無能な演出家と見捨てられた俳優

「役の多くは俳優が、創作するものなのだ。ことに映画はそうである。物語がうまく書けていなければ、演じる者がキャラクターに真実味を与えなければならない。しかし[欲望という名の電車]のような良い台本をつかんだ場合、たいして苦労は無いのだ。よけいな手を加えずに、登場人物をひとり歩きさせればいい。(中略)テネシー・ウィリアムズの芝居に即興は不要だ。俳優にとって最良の言葉が用意してあるからである」【マーロン・ブランド】

このブランドの言葉は役に付いた俳優がしなければならないことを雄弁に語っている。
演出家(舞台・映画共に)には二つのタイプがいる。作品と登場人物に(すなわち役)対して大雑把なイメージしか持つ事が出来ない者と、作品と登場人物に対して明確で細かなイメージを持つ事が出来る者である。

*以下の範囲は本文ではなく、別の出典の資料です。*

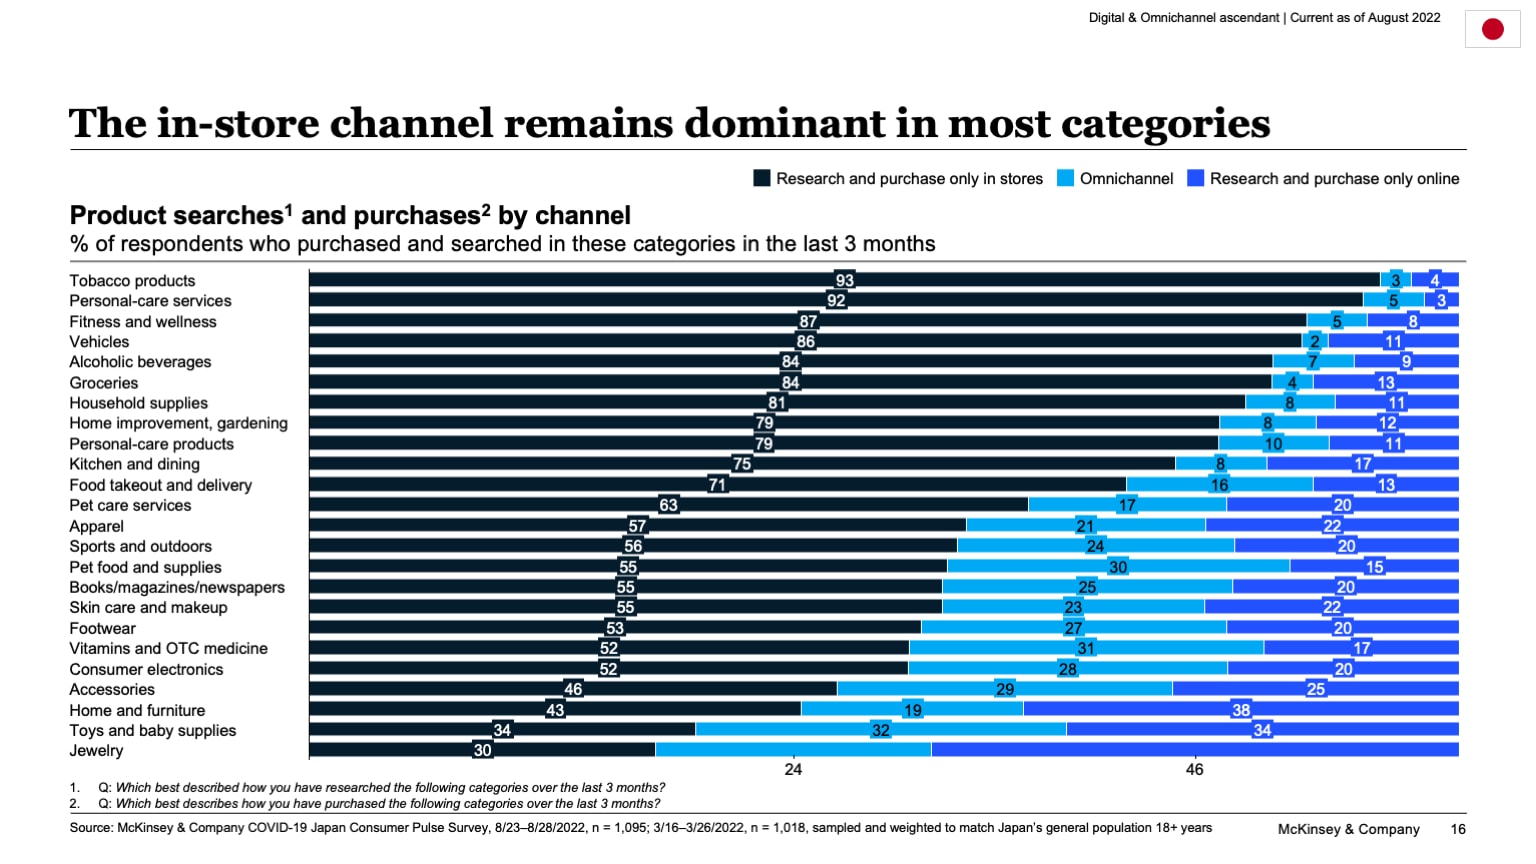 The in-store channel remains dominant in most categories

残念ながら多くの演出家は前者に属する。という事は多くの場合において、俳優達は役を演ずるにあたり 「何をどうすれば役を上手く演じる事が出来るのか?」 「自分のキャラクター(内面・外面共に)と役をどう結びつければリアリティのある演技が出来るのか?」 という最も重要な回答を演出家に対して期待するのはほぼ不可能だと思って良い。

当然の事ながら大雑把なイメージしか抱けない演出家が俳優を見事に動かすノウハウなど持ち得ないからである。
これは無能な演出家によって俳優たちが見捨てられているという事だ。
この現実を認識した上で俳優たちは役に取り組み、演技の向上を図って行かなければならない。これは極めて大変なことだ。度胸があり、ある程度勘が良い者であれば、存在感とインパクトをそれなりに出す事はさほど難しいことでは無い。ただし、「それなりに」である。最初は良いだろうが、幾つか役を重ねると何を演じても同じという事に陥る事になる。

これは現在のショウビジネス(映画・舞台)が抱えている極めて重大な難問である。
過日、某テレビ局で「邦画バブル」などという極めて軽薄な題材を扱ったドキュメンタリーが深夜に流れた。数字の上では近年に無く邦画の成績は良いが、現実には広告屋が企画した安易な大作が数字を延ばしているだけで、Vシネマを含めた製作本数は減っている。
しかも、Vシネの作品ジャンルは少しばかりのヤクザ物を除いてはエロばかりしか無い。あとはかつてのATG作品より更に過酷な製作環境の独立系映画が少し増えただけである。

この状況下では俳優の仕事(アマチュア含まず)は益々減って行き、たまに機会を得たところで演技術を磨くことも苦しい。
日本のショウビジネスが斜陽下し始めて40年になるが、恐らく俳優にとって今から来る時代より厳しい時代は無かったのではないか、と思える。

好きな芝居をやり、それで生活も賄うのであれば、俳優達は根本的に様々なことを考え直す必要があるだろう。
ある程度売れたとしても、人気が下降線になった時にいかがわしいベンチャー企業のパーティや、裏社会の住人のパーティーでの人寄せパンダとしてご祝儀で食べていくというのでは、あまりにも悲しく辛いではないか・・・。